He said that he is reluctant to do this, noting that not all chases end tragically and some have the opposite result. He cited a chase in Ontario that ended with the release of a kidnapped boy.
A day earlier, the Saskatchewan Party issued a news release calling for stiffer penalties, including jail time, for drivers “who take police on dangerous, high-speed chases.”
The Saskatchewan Party is calling for legislation requiring a minimum jail sentence of three months and a maximum of two years less a day for people failing to stop for police. The driver would also lose his licence.
The Saskatchewan Party is also supporting a call by the Canadian Police Association to make failure to stop for police a Criminal Code offence. A Private Members Bill to this effect has been introduced in Parliament.
Nilson said the government will be reviewing the penalties and will look at the Saskatchewan Party suggestion.
Higher penalties will not stop people from trying to evade police, but they will ensure that those who do will be put out of circulation for a time in a place where they will not be a danger.

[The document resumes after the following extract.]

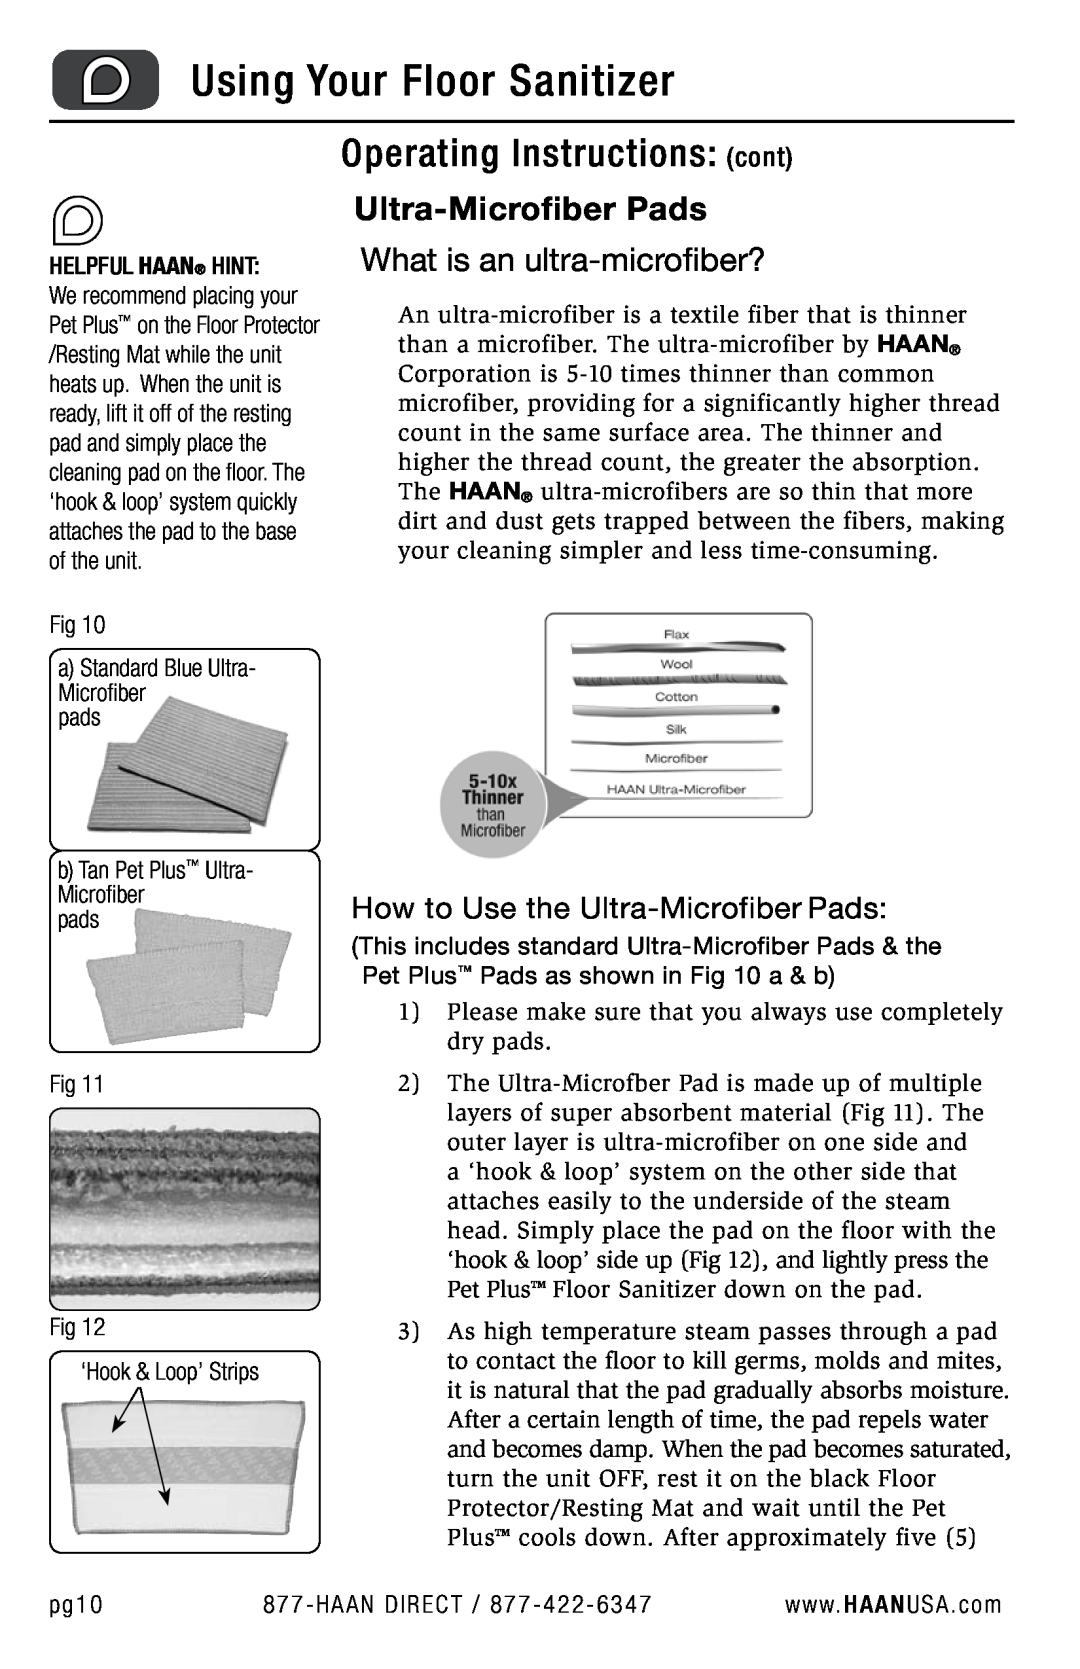 Haan FS-30P+ user manual Operating Instructions cont, How to Use the Ultra-Microfiber Pads, Using Your Floor Sanitizer

It is time for our legislators to recognize that the public is tired of playing the innocent victim and to heed the call from those who are seeking harsher sentences for those who evade police.
Once such legislation is in place, as we hope it will be soon, judges must be encouraged to use it to its fullest.
Innocent victims such as the Nordholms must be protected and, when people were killed as they were, the offenders must feel the censure of society through application of the full weight of the law.